== DESCRIPTION OF THE TASK ==
The answer is to be the data that follows, transcribed exactly, minus its pictures.

START DATA SECTION

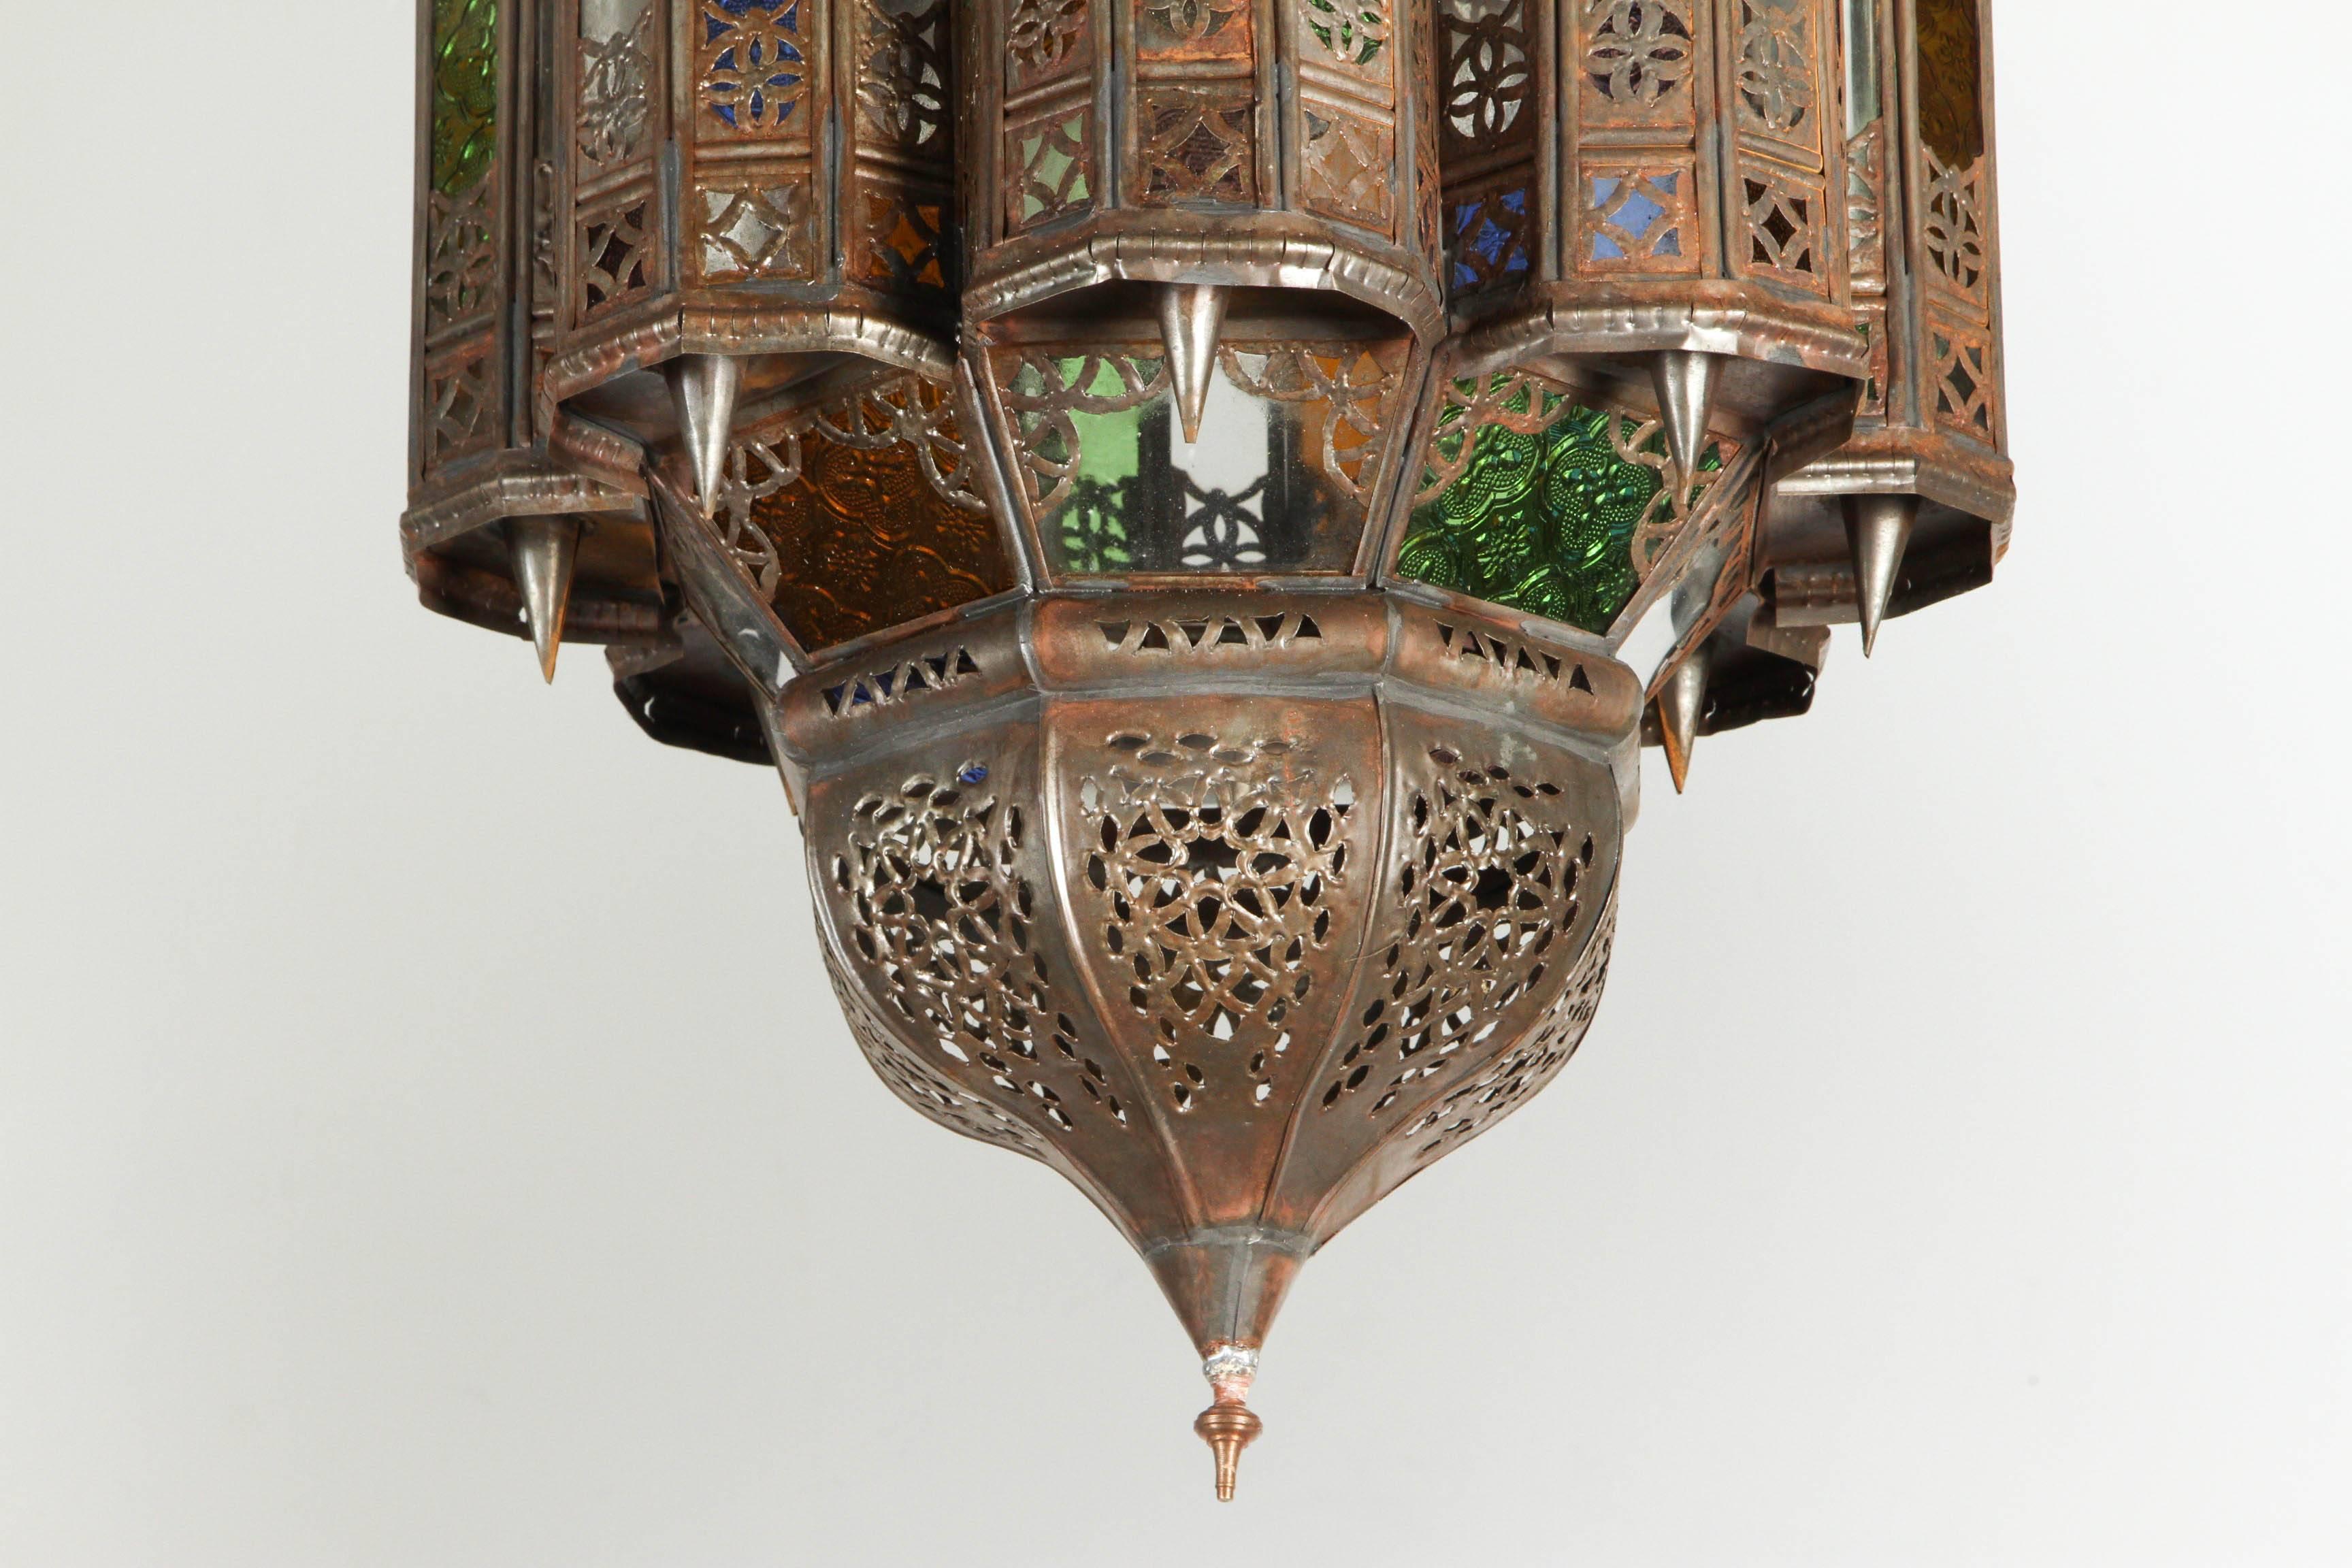 Large Moroccan Mamounia style pendant lantern.
Multicolor glass, blue, green, amber, lavender and clear, multifaceted and intricate filigree Moorish work on metal, bronze patina rust finish.
Brass final.
Handcrafted in Morocco by skilled
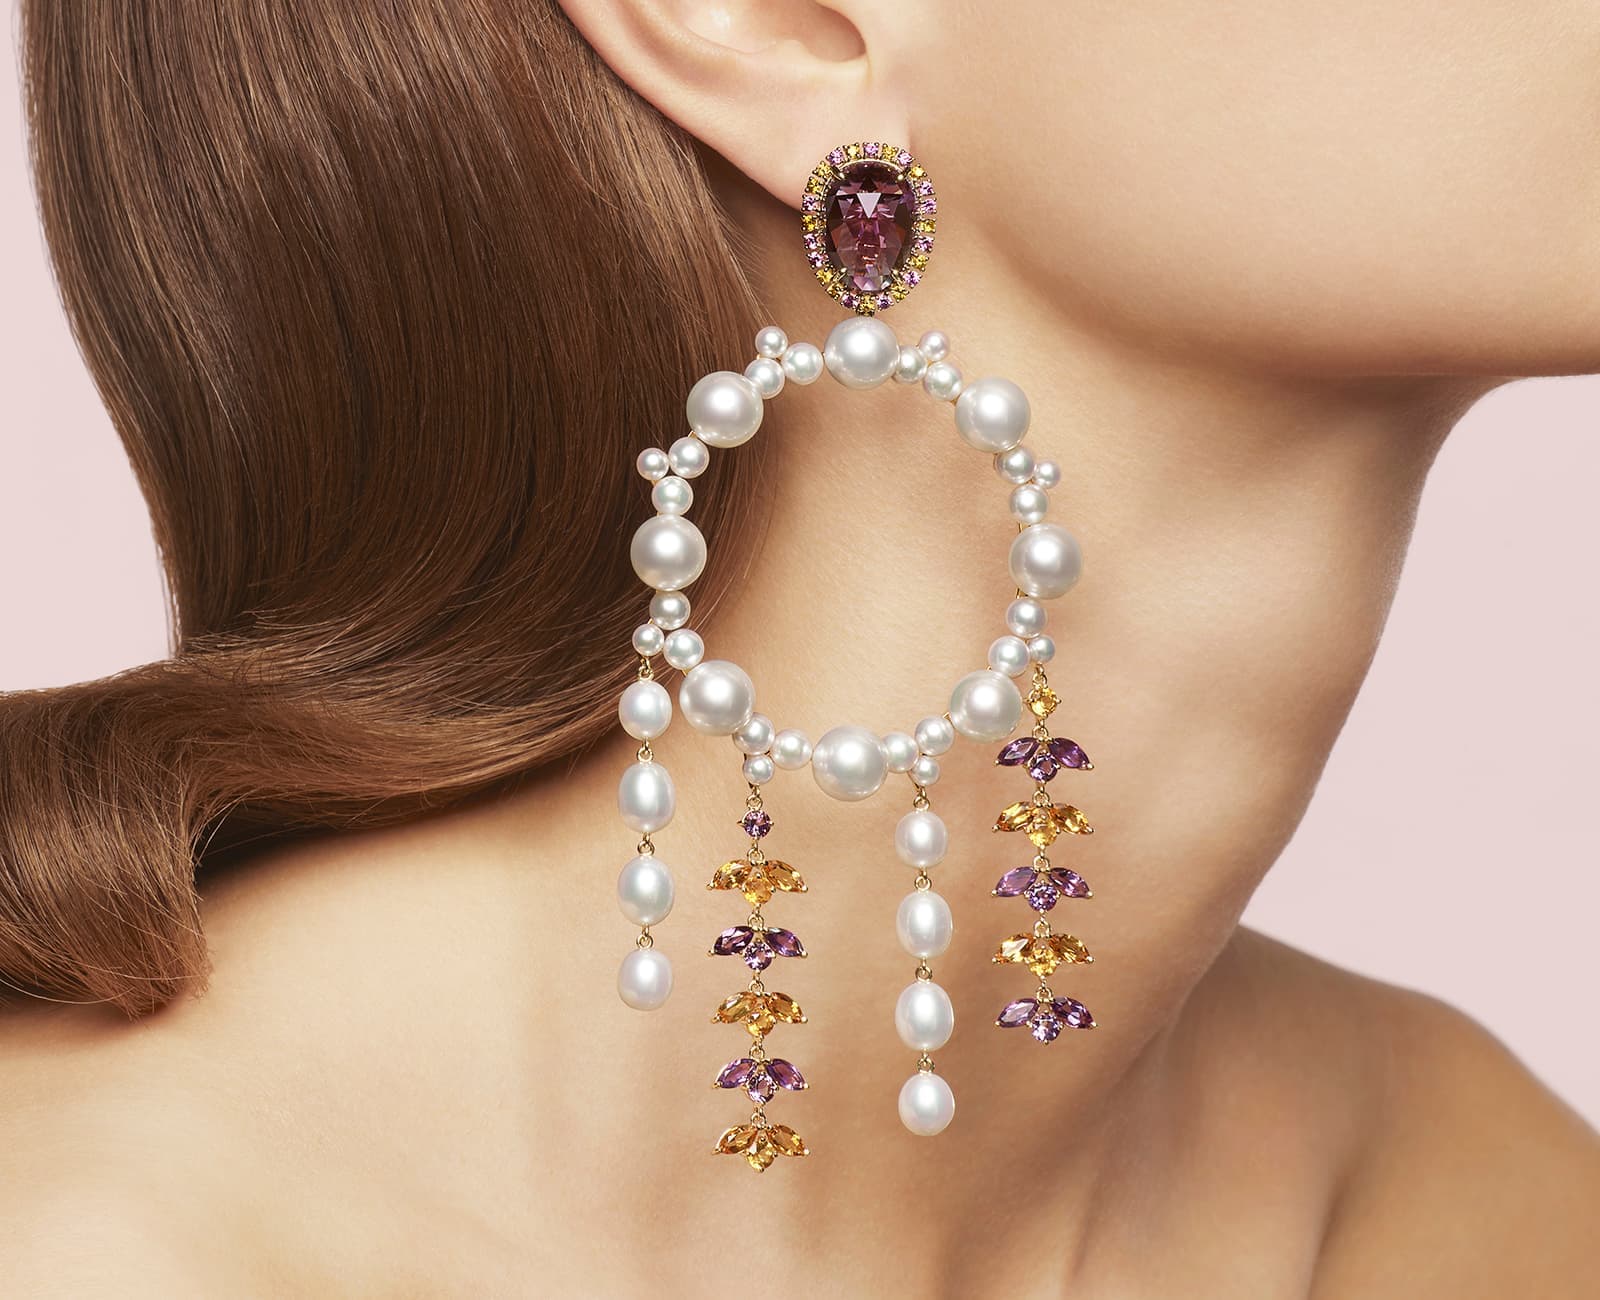 TASAKI Atelier Nightfall earrings with Akoya pearls, South Sea pearls and freshwater pearls with sapphire, amethyst and citrine in yellow gold

END DATA SECTION

== WORKED SOLUTION ==
 Large Moroccan Mamounia style pendant lantern.
Multicolor glass, blue, green, amber, lavender and clear, multifaceted and intricate filigree Moorish work on metal, bronze patina rust finish.
Brass final.
Handcrafted in Morocco by skilled
 TASAKI Atelier Nightfall earrings with Akoya pearls, South Sea pearls and freshwater pearls with sapphire, amethyst and citrine in yellow gold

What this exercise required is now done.